Автор вполне отдает себе отчет, что сама идея существования объективного знания о художественности (а не просто представлений, меняющихся от одного исторического периода к другому) является существенным допущением. Однако предлагает принять это допущение и пройти вместе путь возможного обретения такого знания. В крайнем случае мы просто лучше поймем русскую критику, откроем для себя новые грани творчества наших больших критиков — и это тоже немало.

 

Кому адресована эта книга?

В первую очередь критикам и людям, занимающимся исследованием литературы.

Полноценный итог деятельности критика — указать на вершины в современной литературе и объяснить, почему значительны именно эти писатели и именно эти произведения3. Но, чтобы решить эту задачу, нужно иметь объемный взгляд на литературу и владеть профессиональным инструментарием. В этом исследовании особенное внимание будет уделяться методике критической деятельности: терминам, которые можно плодотворно использовать, например, григорьевский «допотопный» талант или глушковский «образ поэта» (в отличие от «образа автора»); важным тонкостям в различии понятия «внутренней формы слова» в контексте стилистики или в контексте поэтики; различиям критериев оценки беллетристики, жанровой и собственно художественной литературы и т. д.
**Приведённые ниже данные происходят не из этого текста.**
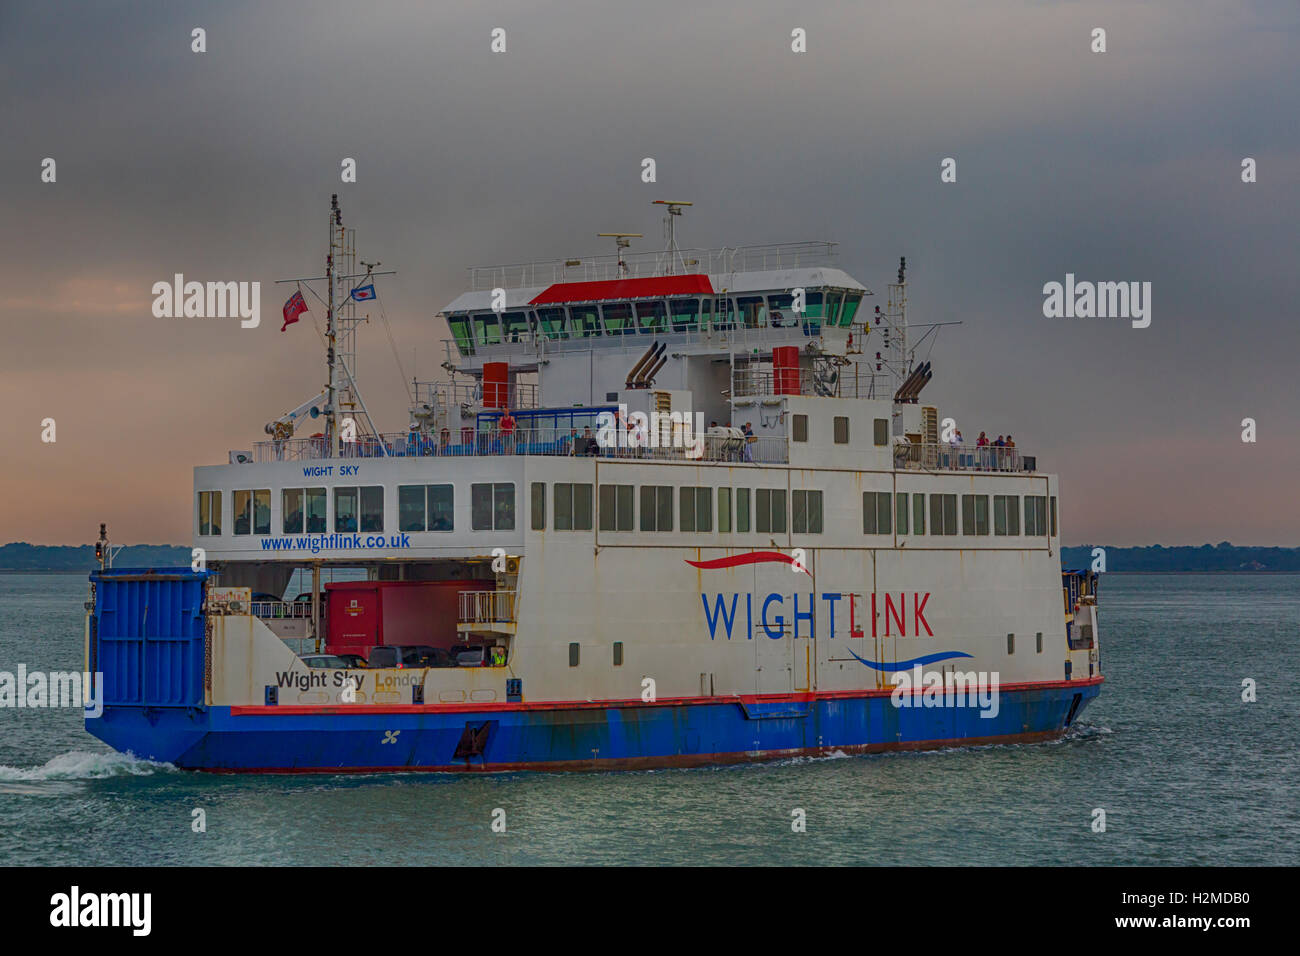 Wightlink ferry car ferry leaving Yarmouth on the Isle of Wight across the Solent to the mainland Lymington, Hampshire UK in September - HDR effect Stock Photo

Само по себе овладение методикой не является самоцелью — литературная критика не может сводиться к механистической проверке на соответствие тем или иным критериям. Встречаясь с явлениями первого ряда, критик исходит не только из существующих методов или изначально заданных подходов, ему необходимо открыть для себя и читателей неповторимый художественный мир крупного писателя, а не просто соотнести текст с теорией. Однако не имеет смысла изобретать велосипед: зачастую многие вещи хорошо описываются в рамках существующих терминов и критериев. Зачастую «память» точного термина хранит в концентрированном виде результаты напряженных исследовании, так что, пользуясь точным термином, мы уже используем ценный опыт прошлого, настраиваем соответствующую оптику. Конечно, каждый новый исследователь «оживляет» термин, наполняет его своим содержанием, и для подобного «оживления» нужна плоть конкретных произведений. Там, где это возможно, я постараюсь приводить уместные в данном случае примеры из современной литературы. В любом случае важно подчеркнуть, что конечная цель данного исследования — не академическая, а именно прикладная.

Также эта книга обращена к самим писателям.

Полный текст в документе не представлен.